Poised for slower prepayments
admin | January 8, 2021
This document is intended for institutional investors and is not subject to all of the independence and disclosure standards applicable to debt research reports prepared for retail investors.
After a small rise in prepayments in December, MBS speeds should begin to drop in January and beyond. The recent downdraft in MBS prices should push mortgage rates higher and speeds slower, especially since lenders have little room to narrow the spread between primary and secondary mortgage rates. As interest in extension protection begins to build in the next few months, interest in low loan balance pools and low FICO pools may pick up.
A bump higher in December
Conventional 30-year prepayment speeds increased in December, mostly driven by an increase in business days. Overall origination activity remains capped by capacity constraints, limiting the potential increase in refinancing activity. Fannie Mae speeds increased 7% and Freddie Mac speeds increased 5%, in line with Amherst Pierpont expectation of a 5% pickup. Street consensus looked for a 10% to 15% jump, likely assuming a continuing decline in primary rates would translate into faster speeds. But the average production rate has not fallen as much as primary rate surveys like Freddie Mac’s, which can lead to overestimates of prepayment speeds.
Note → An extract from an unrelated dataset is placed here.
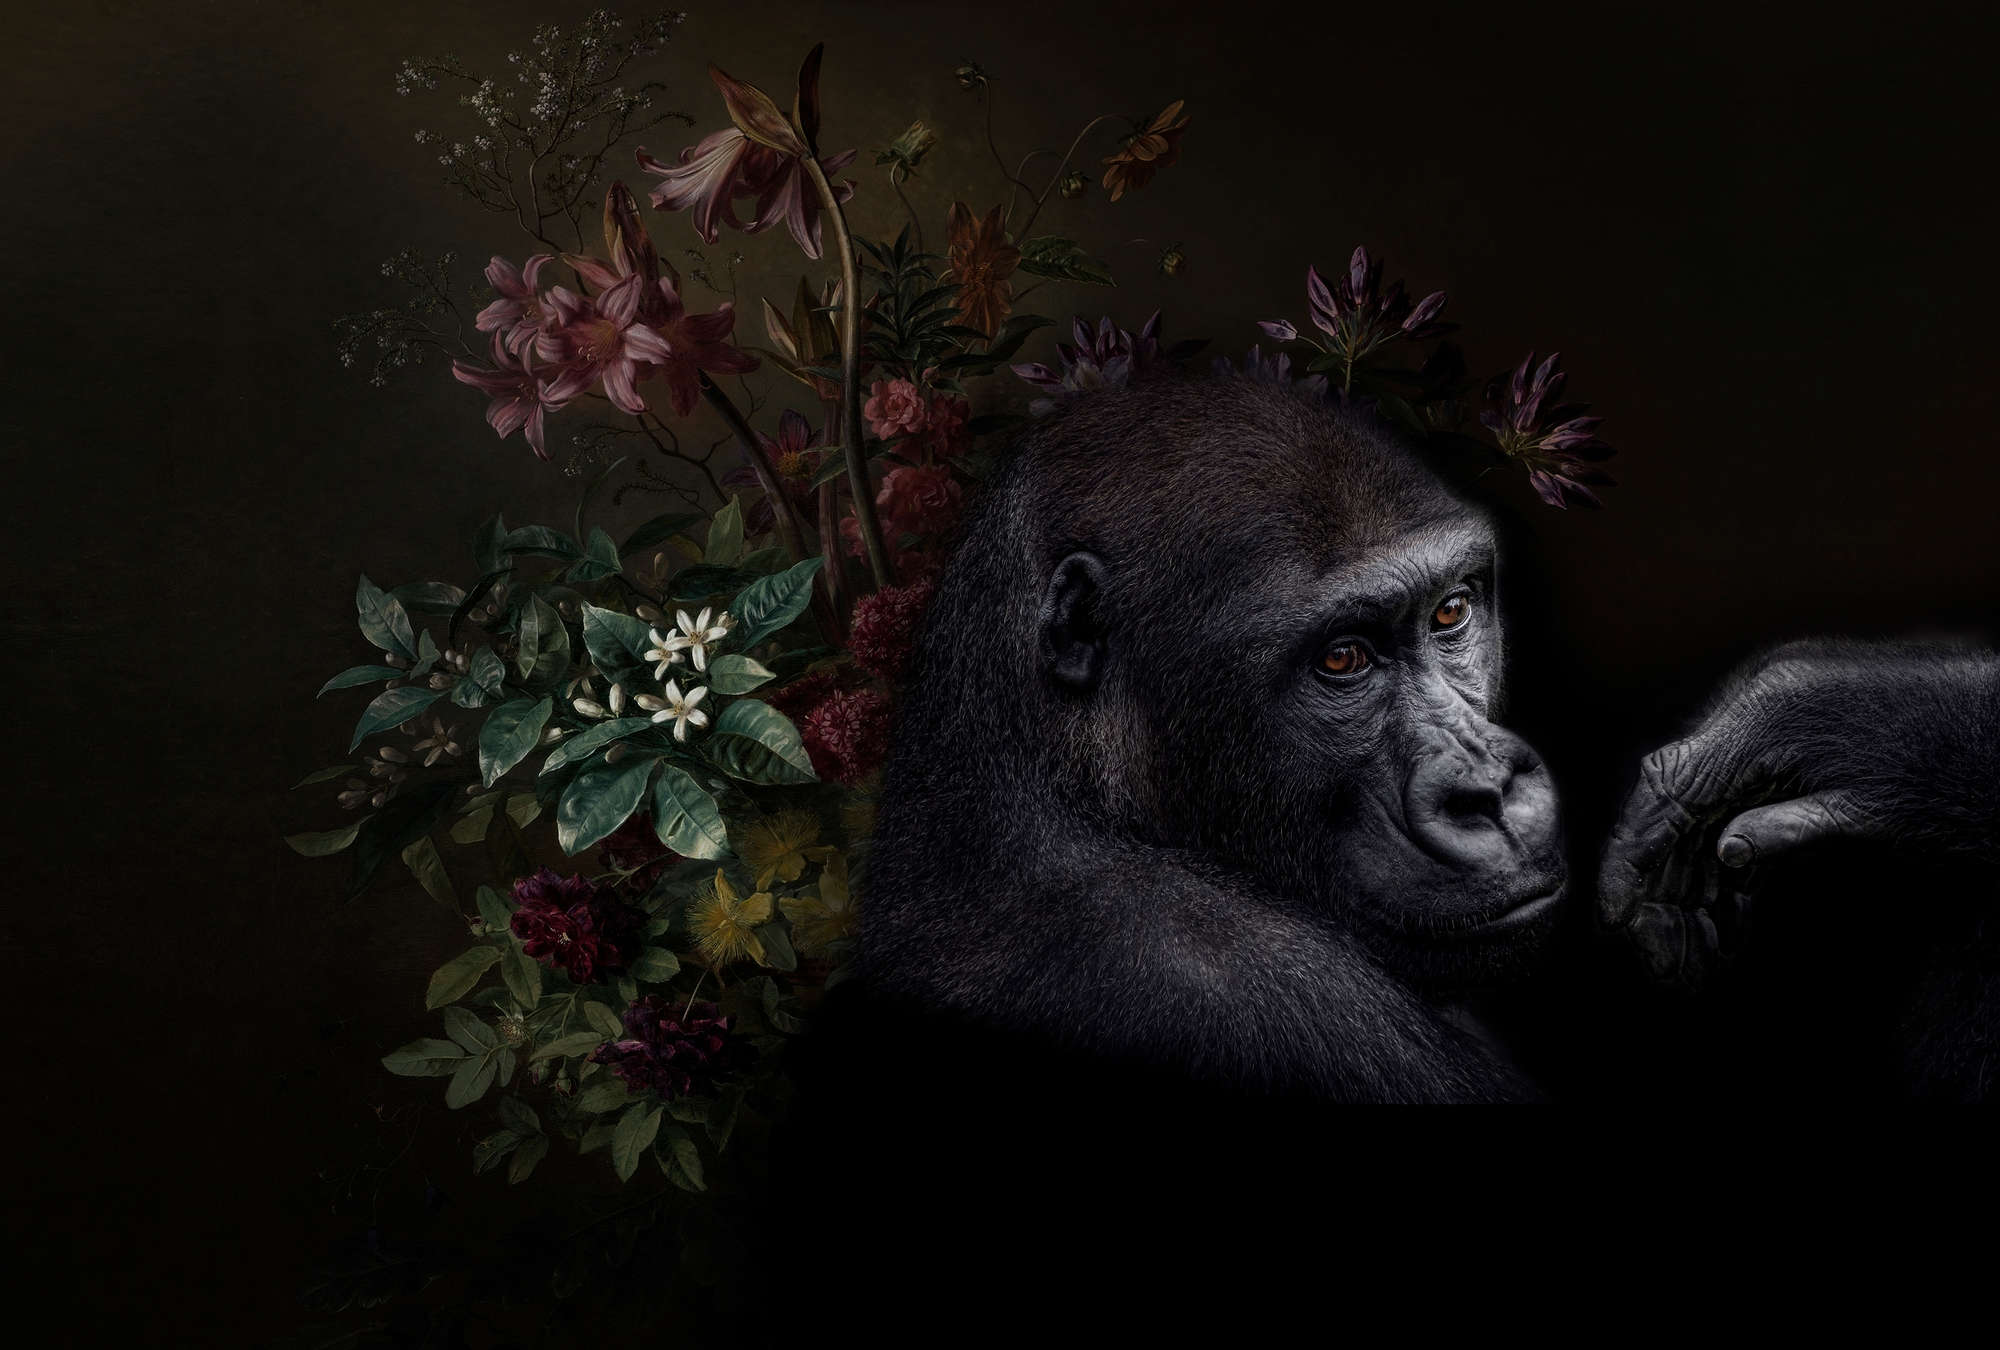             Papier peint panoramique Portrait de gorille avec des fleurs - Walls by Patel
        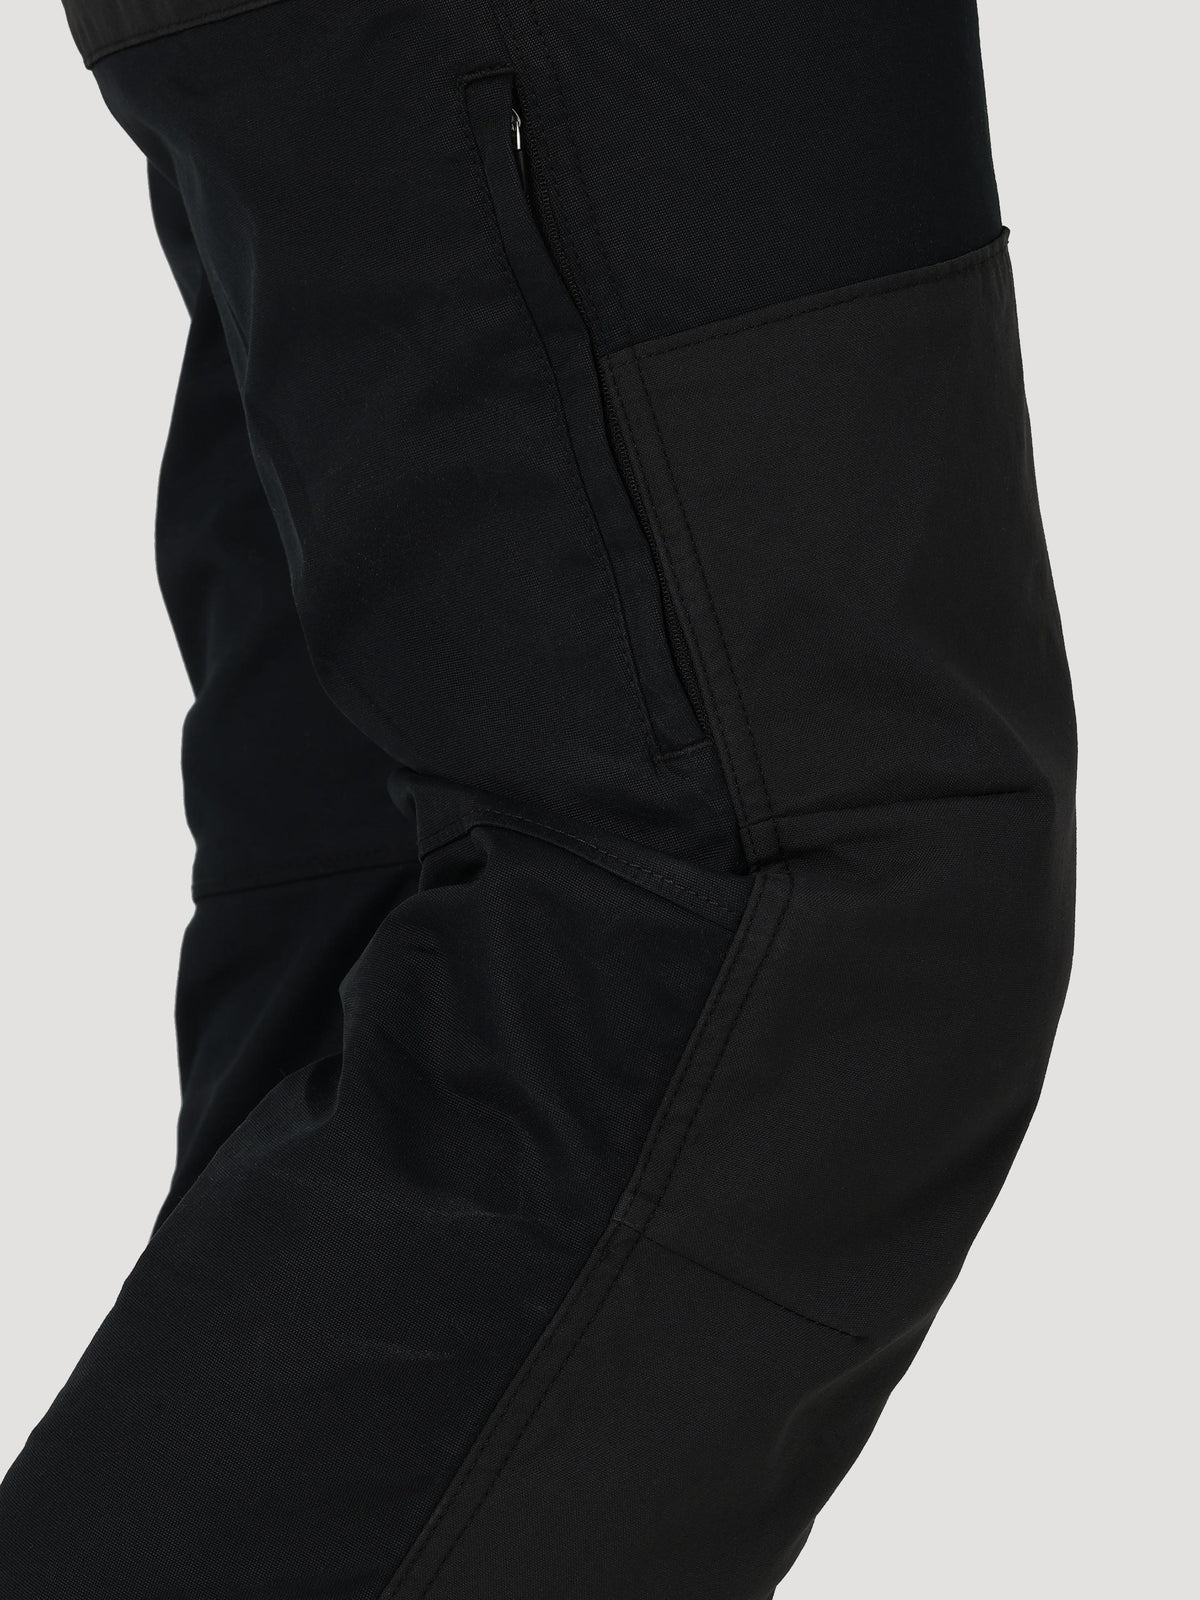 All Terrain Gear Reinforced Softshell Pant in Black

Prepayment speeds should fall 10 to 15% in January, typically a very slow month for prepayments. Housing turnover falls to its seasonal low and January has 1.5 fewer business days than December. The refinance index was relatively stable in December, continuing a trend from the prior few months, so refinancing activity is unlikely to increase (Exhibit 1). However, the government index spiked in early December, signaling that Ginnie Mae speeds may not drop as much as conventional in January. Beyond January, prepayment speeds could start to slow if the sell-off holds and mortgage rates shift higher.
Exhibit 1: The refi index holds steady, although shows a jump in government activity in early December
The Freddie Mac Primary Mortgage Market Survey rate continued to drift lower in December. However, as has been the case for the last few months, the drop had little effect on refinance activity since originators are operating near capacity. They only have an incentive to lower rates just enough to keep their pipelines filled.
Exhibit 2: The primary rate continued to fall with little effect on refinance activity
Furthermore, over the last few months the rate borrowers receive has not dropped as much as Freddie’s survey rate. For example, the lagged month-average survey rate fell 22 bp from September to December, but the average origination rate only dropped 8 bp over that same period. Throughout much of the pandemic, the survey rate was overstating the rate borrowers received. This caused models and forecasters to underpredict prepayment speeds, especially early in the pandemic as the relationship diverged. Now the opposite is occurring as the relationship adjusts back to normal. The survey rate falls, making it appear as if speeds should increase. But borrowers have not received those lower rates, so speeds come in slower than forecasts.
Exhibit 3: The survey rate has overstated the drop in mortgage rates over the last three months
Lakeview continues to expand Ginnie Mae buyouts
Lakeview increased their buyouts for the second straight month. They bought out 22.1% of their loans that are at least 60 days delinquent in December, an increase from 12.2% in November. But buyouts remained steady at most other servicers, whether bank or non-bank. For example, PennyMac bought out 8.1% of their D60+ loans in December and 8.0% in November. Freedom’s buyout pace remained extremely low at only 1.3% of D60+ loans.
Among the banks, many have few loans remaining to buyout, so the effect on speeds is relatively low. However, Flagstar has not been aggressively buying out loans and now has 16% of their loans at least 60 days delinquent. Pools with a heavy Flagstar concentration could prepay extremely quickly should they ramp up their buyouts.
Exhibit 4: Lakeview further increased buyouts in December
The Fannie and Freddie numbers
Fannie Mae 30-year MBS increased 7.3% and Freddie Mac increased 5% in December, driven by an additional 1.5 business days. The increase was in-line with our expectation was for a 5% increase, with slower turnover moderating the effect of day count. Most 2019 and earlier vintage cohorts increased consistent with day count. Some lower coupon pools, mostly 2020 production, jumped more. That’s because these loans are the ones sensitive to the small drop in interest rates and are ramping into the peak refinancing window.
Exhibit 5: Day count pushed speeds faster in December
The recent MBS sell-off should push mortgage rates higher, raising the prospect of slowing prepayment speeds. Low loan balance specified pools have historically prepaid faster when out-of-the-money, providing a good source of extension protection. These borrowers are often in starter homes and more likely to need to move into a larger place as their families grow. Low FICO pools are another possibility—some borrowers will see their credit improve and choose to move into a nicer home, and borrowers that remain low credit are more likely to default.